Dans le même temps que Théodose s'occupait à corriger les désordres, il songeait aussi à fortifier l'empire contre les attaques des Barbares. Il employa pour cet effet un moyen dangereux, ainsi qu'il a déjà été observé, et tout-à-fait contraire à la saine politique. Les malheurs précédents avaient affaibli les armées; il invita les Goths d'au-delà du Danube à prendre parti dans ses troupes, et il promit de les traiter comme ses sujets naturels. Il en vint une si grande multitude, qu'ils surpassèrent bientôt en nombre les soldats romains, et l'empereur craignit avec raison de n'être plus le maître de les contenir, s'ils venaient à former quelque entreprise. En effet, selon un auteur de ce temps-là, avant que de passer le fleuve, ils s'étaient secrètement engagés, par des serments exécrables, à faire aux Romains tous les maux qu'ils pourraient, soit par la force, soit par la ruse et la trahison, et à ne se donner de repos qu'après s'être rendus maîtres de tout l'empire. Quoique Théodose ignorât ce perfide complot, cependant, par une sage précaution, il résolut de les mettre hors d'état de nuire en les divisant: il manda une partie des légions qu'il avait en Égypte, et envoya pour les remplacer un corps considérable de ces Barbares, sous la conduite d'Hormisdas, ce neveu de Sapor qui s'était signalé dans la révolte de Procope. Les deux détachements se rencontrèrent à Philadelphie. Celui des Goths était de beaucoup le plus nombreux: ils avaient traversé l'Asie, comme des brigands, en pillant tout sur leur passage. Réunis dans la même ville avec des troupes disciplinées, ils voulurent continuer les mêmes violences. Un habitant qui venait de vendre quelque denrée à un soldat goth, en reçut pour paiement un coup d'épée au travers du corps; un autre qui était accouru pour le défendre, ne fut pas mieux traité. On s'attroupa de part et d'autre.

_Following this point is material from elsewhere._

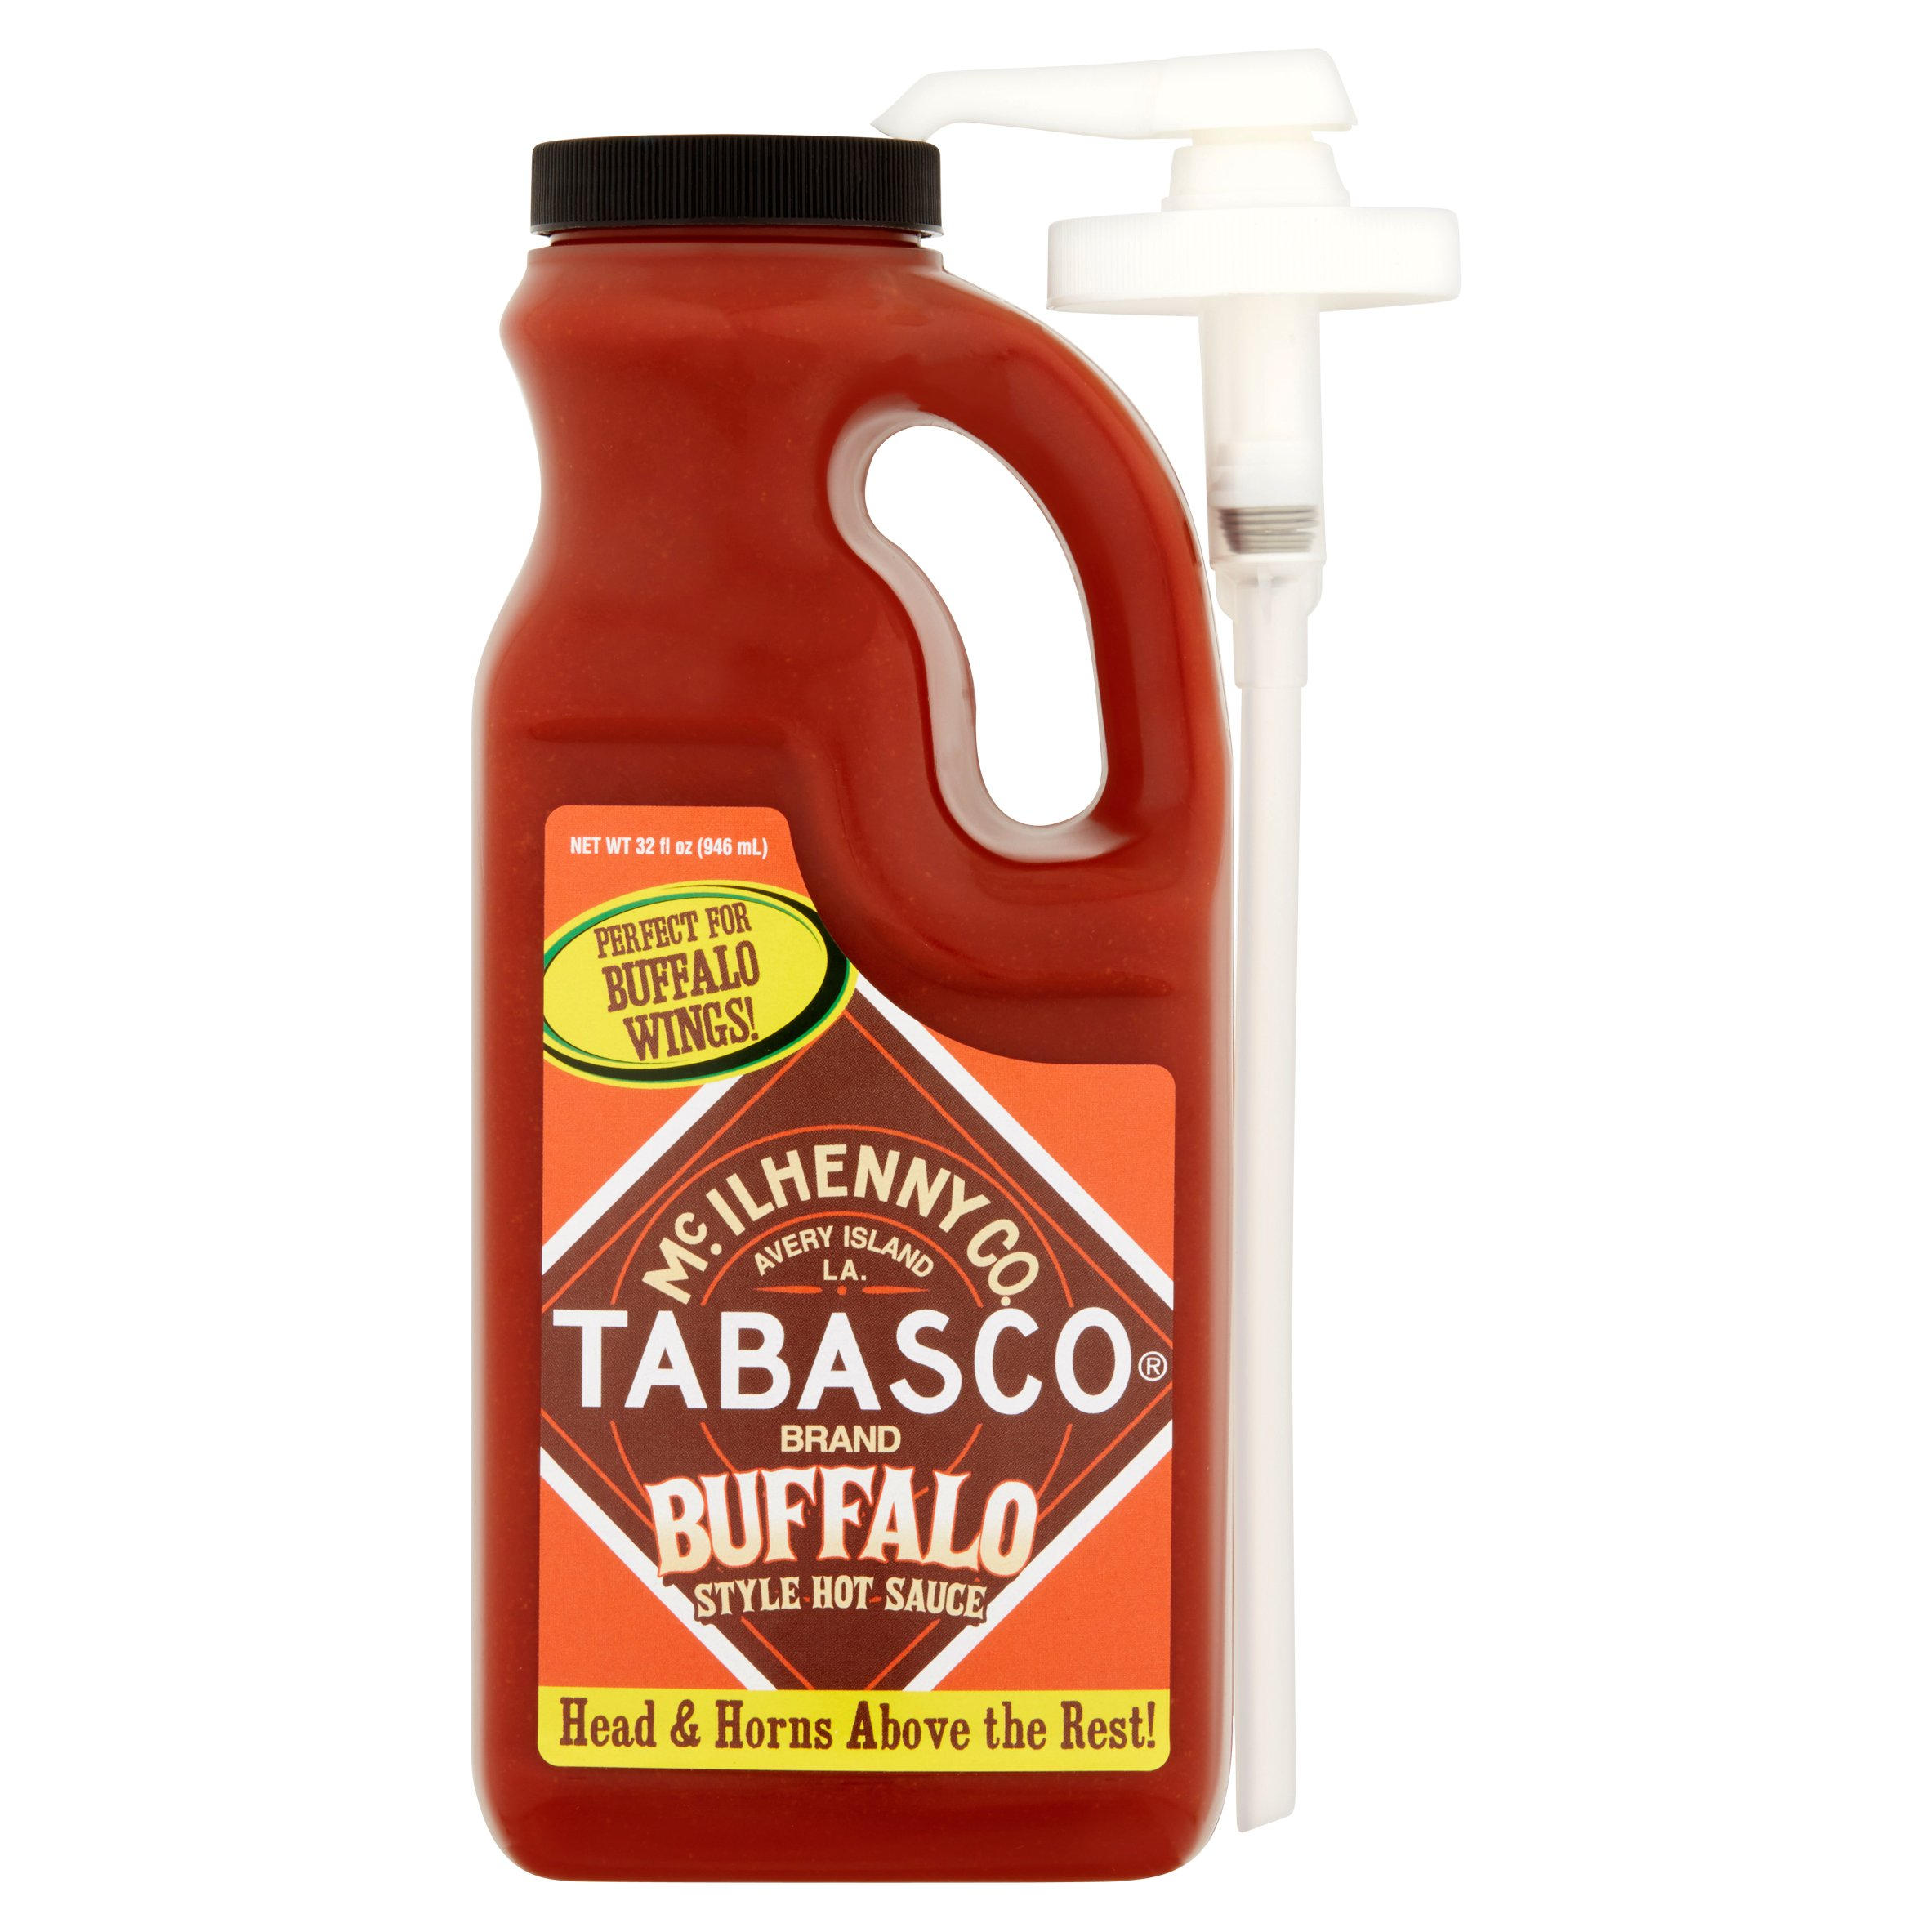 McIlhenny Co. TABASCO Brand Buffalo Style Hot Sauce, 32 fl oz by McIlhenny Company
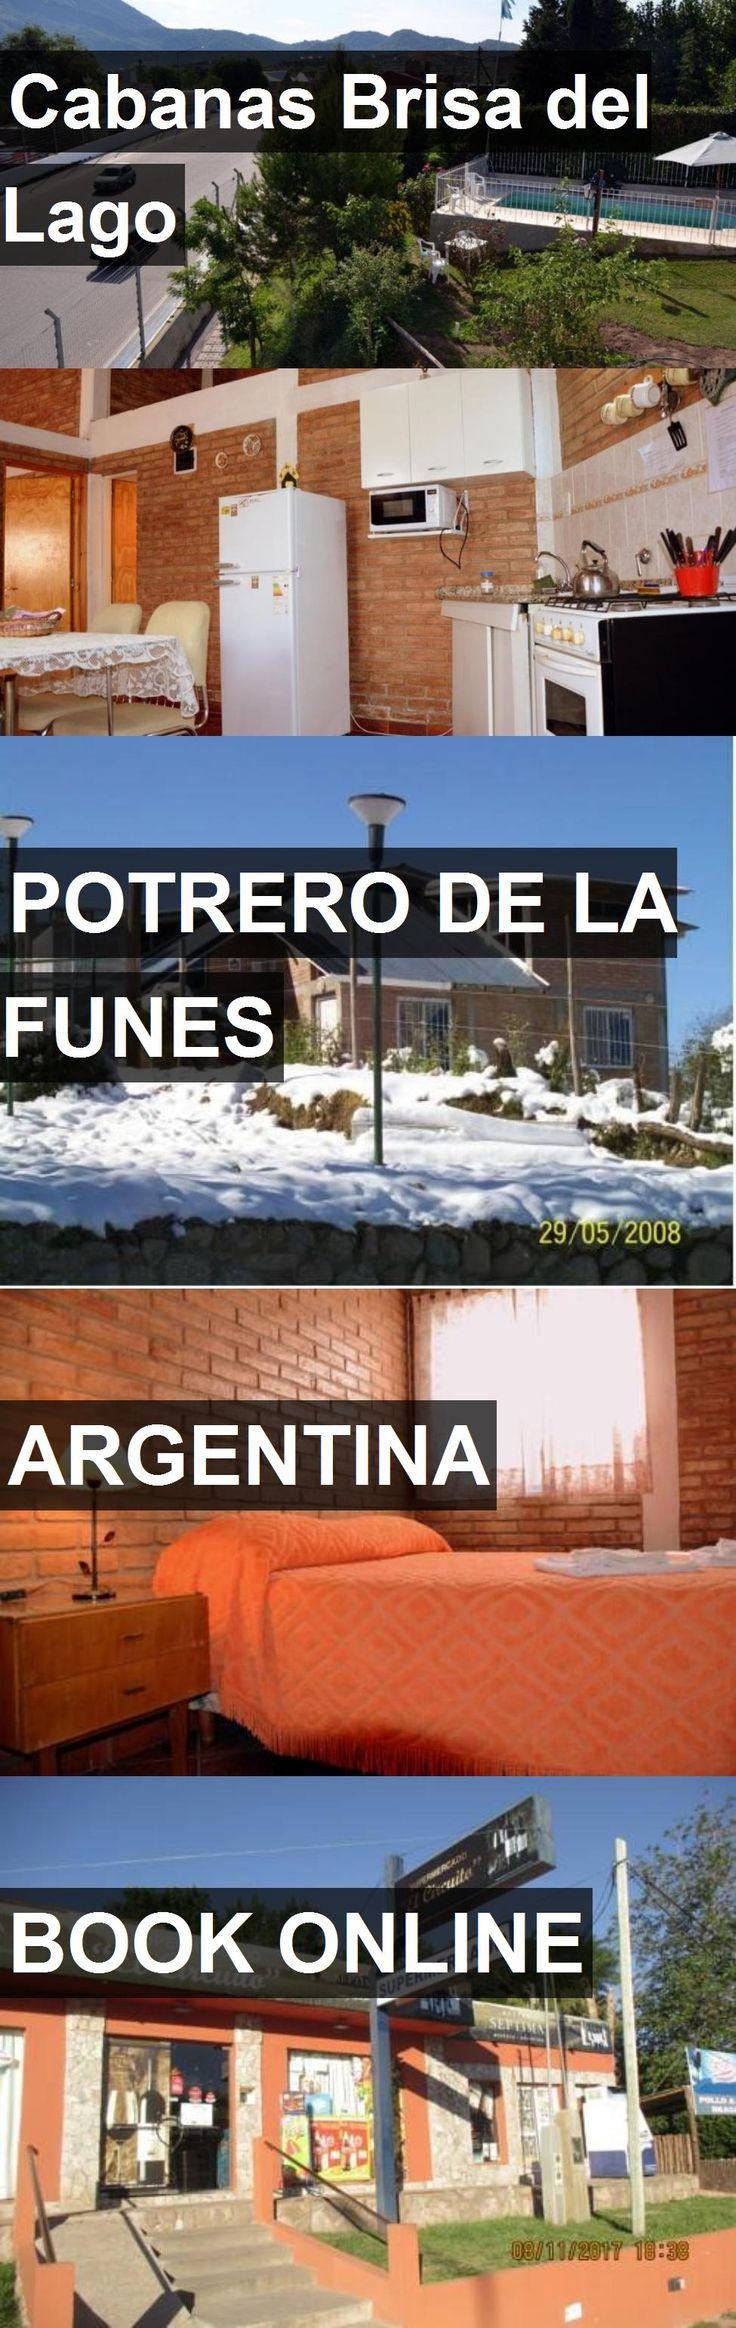 Hotel Cabanas Brisa del Lago in Potrero de la Funes, Argentina. For more information, photos, reviews and best prices please follow the link. #Argentina #PotrerodelaFunes #CabanasBrisadelLago #hotel #travel #vacation

Les officiers venus d'Égypte s'efforcèrent en vain de faire entendre aux Barbares, que la discipline romaine qu'ils avaient embrassée, ne permettait pas ces emportements; on ne leur répondit qu'à grands coups d'épée. Alors les soldats romains, quoique fort inférieurs en nombre, se jetant sur les Goths, en massacrèrent plus de deux cents: plusieurs se sauvèrent dans les égouts de la ville, où ils périrent. On épargna les autres, qui après cette sanglante leçon, continuèrent leur voyage en observant une plus exacte discipline.